I am going to put a play gym in it if I can, it is foldable for easy storage and I can put the play gym under the cage on a shelf.
Thanks for the advice!


----------



## Jonah (Feb 3, 2013)

Sure you can. One of our training method's here features the use of a tent or something like your showing to work on taming your bird's in. I think it would work out great...


----------



## StarlingWings (Mar 15, 2013)

Well, I guess that theoretically you could, and it would likely be good for taming, but in my opinion, it really isn't a good way to take the bird out on a permanent, long-term basis.

Having a bird takes responsibilities to him/her like making sure the bird has enough room to spread its wings, which includes letting him/her our every day for a few hours in a bird-proof room. 

Small birds (tiels, budgies, etc.) don't make too much of a mess when they're out. If they do poop, it's easy to clean up. The only time birds would really "make a mess" is when they moult, in which case you'd need to vacuum the room regularly to get rid of dust, dander, and feathers. 

If your mom is concerned, explain to her that you'd be responsible and clean up after him/her and stay true to your word.


----------



## Meow (Nov 19, 2015)

Thank you! 


> Jonah


 what kinds of tents do they use?

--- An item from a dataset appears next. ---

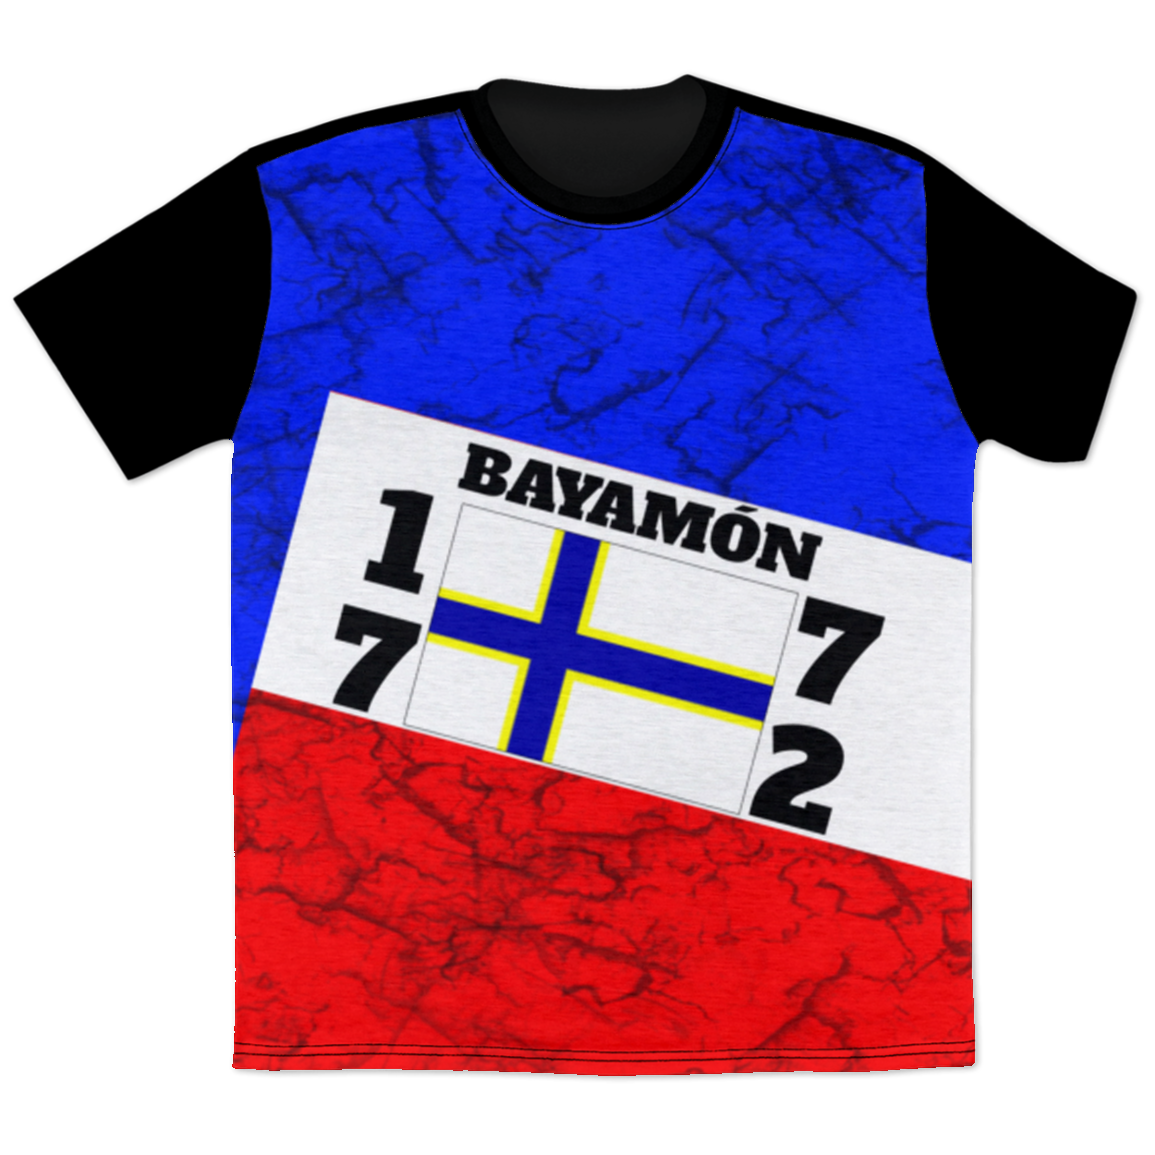 BAYAMON T-Shirt - Puerto Rican Pride

I am trying to find one that is taller and not too expensive. 


> StarlingWings


Don't worry, she has a cockatiel when she was my age and is aware of this. I would take it out to play with it in the room often, just this would be a training thing kind of, and an occasional place to play. 
Thanks again, I appreciate all advice


----------



## Jonah (Feb 3, 2013)

This is the thread with the tent training....http://talkbudgies.com/training-bonding/152809-how-tame-budgie-who-afraid-people.html


----------



## Meow (Nov 19, 2015)

> Jonah


The videos say invite only...
Thanks for the site though, I read it.


----------



## Jonah (Feb 3, 2013)

My bad, I thought the thread had pics of her tent but I must have seen it on the video or another thread. It is just a small pop up tent not much different in size than what you've shown. Plenty of room for flight in there...


----------



## Meow (Nov 19, 2015)

Ok.
Thanks anyway!


----------